Work to complete
Check each line of the records below for the word "Lyst" and copy those where it appears.

Information given
+===+
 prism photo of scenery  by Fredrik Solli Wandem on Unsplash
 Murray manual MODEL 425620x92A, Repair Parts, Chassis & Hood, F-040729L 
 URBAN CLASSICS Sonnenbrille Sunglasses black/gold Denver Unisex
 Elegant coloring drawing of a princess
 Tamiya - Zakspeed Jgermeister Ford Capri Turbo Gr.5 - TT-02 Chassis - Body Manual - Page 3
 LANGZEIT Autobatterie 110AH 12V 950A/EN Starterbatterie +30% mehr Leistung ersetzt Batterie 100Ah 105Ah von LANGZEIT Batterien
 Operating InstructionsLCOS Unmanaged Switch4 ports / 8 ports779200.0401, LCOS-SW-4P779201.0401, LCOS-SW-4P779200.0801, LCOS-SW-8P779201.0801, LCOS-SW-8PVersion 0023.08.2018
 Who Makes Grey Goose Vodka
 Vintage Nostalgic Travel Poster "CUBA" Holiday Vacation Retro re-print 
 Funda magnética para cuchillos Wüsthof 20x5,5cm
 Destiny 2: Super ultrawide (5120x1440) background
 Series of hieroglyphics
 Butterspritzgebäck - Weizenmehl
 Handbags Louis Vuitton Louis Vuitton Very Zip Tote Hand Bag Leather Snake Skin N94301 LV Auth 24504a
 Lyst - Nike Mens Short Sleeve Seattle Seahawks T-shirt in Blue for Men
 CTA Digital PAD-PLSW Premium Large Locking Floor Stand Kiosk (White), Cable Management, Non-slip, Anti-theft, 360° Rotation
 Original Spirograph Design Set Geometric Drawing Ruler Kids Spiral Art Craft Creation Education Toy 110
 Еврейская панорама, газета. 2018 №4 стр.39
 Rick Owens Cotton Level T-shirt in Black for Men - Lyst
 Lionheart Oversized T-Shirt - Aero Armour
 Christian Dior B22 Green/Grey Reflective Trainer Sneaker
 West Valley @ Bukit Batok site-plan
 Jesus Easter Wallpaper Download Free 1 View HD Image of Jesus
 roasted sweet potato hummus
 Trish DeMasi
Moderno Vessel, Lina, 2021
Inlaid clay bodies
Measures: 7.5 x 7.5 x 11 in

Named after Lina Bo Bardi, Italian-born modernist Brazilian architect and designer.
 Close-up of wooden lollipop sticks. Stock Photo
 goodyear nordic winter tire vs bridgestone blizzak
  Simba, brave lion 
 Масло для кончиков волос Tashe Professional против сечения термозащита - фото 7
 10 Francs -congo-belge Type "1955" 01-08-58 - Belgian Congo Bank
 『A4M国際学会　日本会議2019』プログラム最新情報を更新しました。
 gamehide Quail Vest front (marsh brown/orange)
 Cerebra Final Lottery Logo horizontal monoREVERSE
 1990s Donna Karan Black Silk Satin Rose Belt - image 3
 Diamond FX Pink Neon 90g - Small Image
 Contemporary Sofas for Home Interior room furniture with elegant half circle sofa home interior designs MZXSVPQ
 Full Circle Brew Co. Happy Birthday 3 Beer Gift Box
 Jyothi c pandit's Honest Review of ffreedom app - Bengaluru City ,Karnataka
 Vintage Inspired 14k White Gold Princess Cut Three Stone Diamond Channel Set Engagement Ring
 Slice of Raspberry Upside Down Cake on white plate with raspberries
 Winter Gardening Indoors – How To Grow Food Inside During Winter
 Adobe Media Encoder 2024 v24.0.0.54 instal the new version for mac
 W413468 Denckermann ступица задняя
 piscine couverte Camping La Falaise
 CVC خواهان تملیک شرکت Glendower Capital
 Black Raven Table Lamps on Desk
+===+
Output below
 Lyst - Nike Mens Short Sleeve Seattle Seahawks T-shirt in Blue for Men
 Rick Owens Cotton Level T-shirt in Black for Men - Lyst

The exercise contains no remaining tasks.